Самоха здорово соскучился по урокам. С удовольствием сел за парту. С радостным волнением открывал и закрывал пенал, поминутно заглядывал в ранец, бодро точил ножичком карандаш, перелистывал книгу.
Вдруг кто-то крикнул:
— Цокает!
Самохин услышал знакомые шаги — четкие и звонкие. Догадался: «Швабра…»
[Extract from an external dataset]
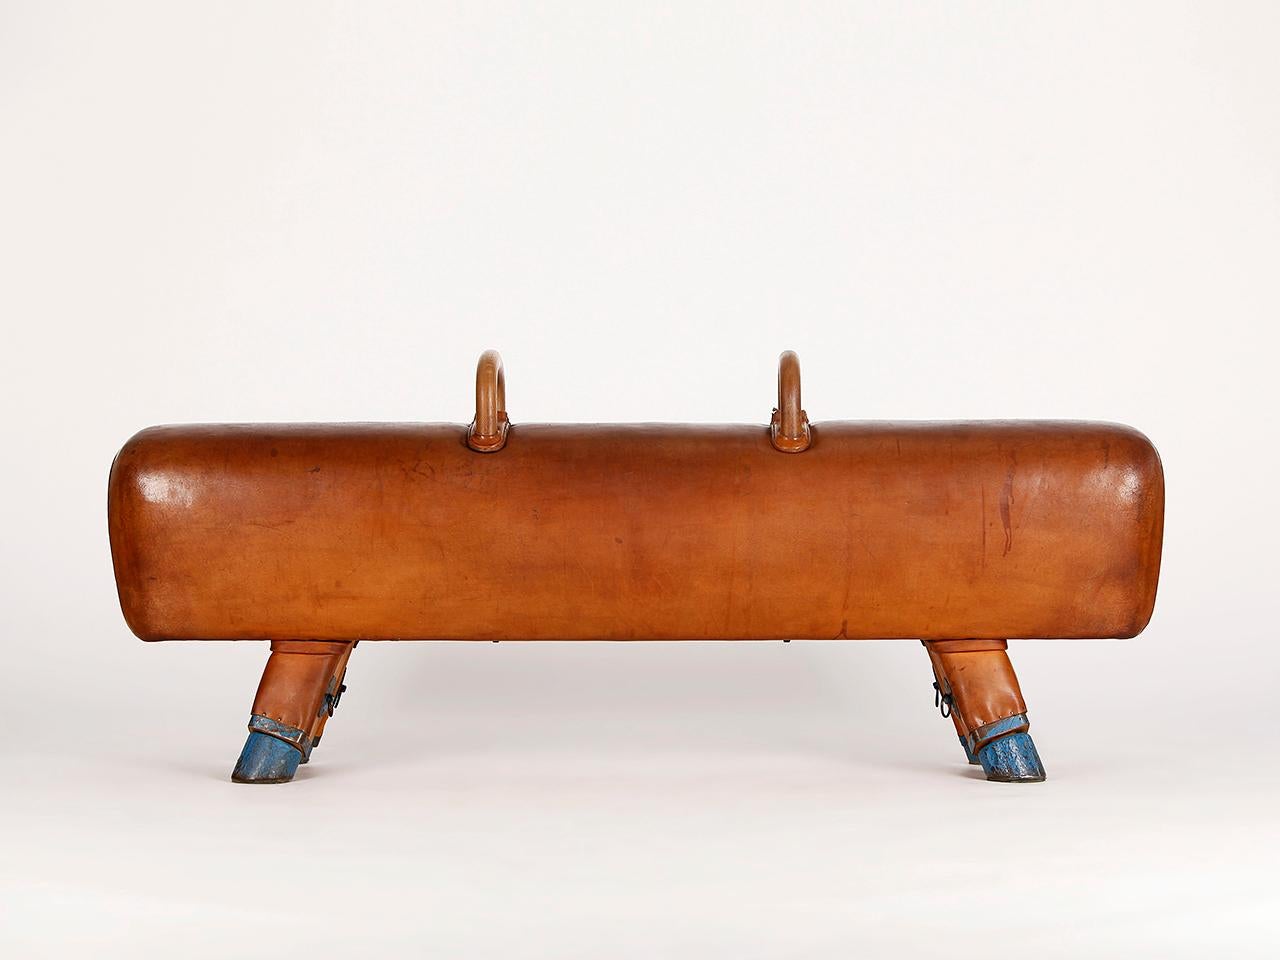 Pommel horse from former Czechoslovakia. The legs were cut to a height of 54cm. The thick leather has been cleaned and the patina was retained. The handles can be removed for comfortable seating. The wooden handles were restored. Very nice Vintage

И не ошибся. В класс вошел Афиноген Егорович, преподаватель двух языков: древнегреческого и русского. Ноги тонкие, глаза маленькие и колючие, волосы бесцветные, длинные, аккуратно зачесанные назад. Если бы Афиноген Егорович намочил свою шевелюру и хоть на минутку повис вверх ногами, получилась бы тонкая палка с пучком длинных хвостов на конце. Получилась бы швабра, только что вынутая из ведра.
Афиноген Егорович не поздоровался, ни на кого не глянул. Он быстро прошел к кафедре, поерзал на стуле и угрюмо уткнулся в журнал. Наконец поднял едкие глазки и процедил:
— С-садитесь!
Все вздохнули и сели. Сел и Самохин.
Начался урок.
Самохину было приятно напрягать внимание. За два месяца болезни ему надоело ничего не делать.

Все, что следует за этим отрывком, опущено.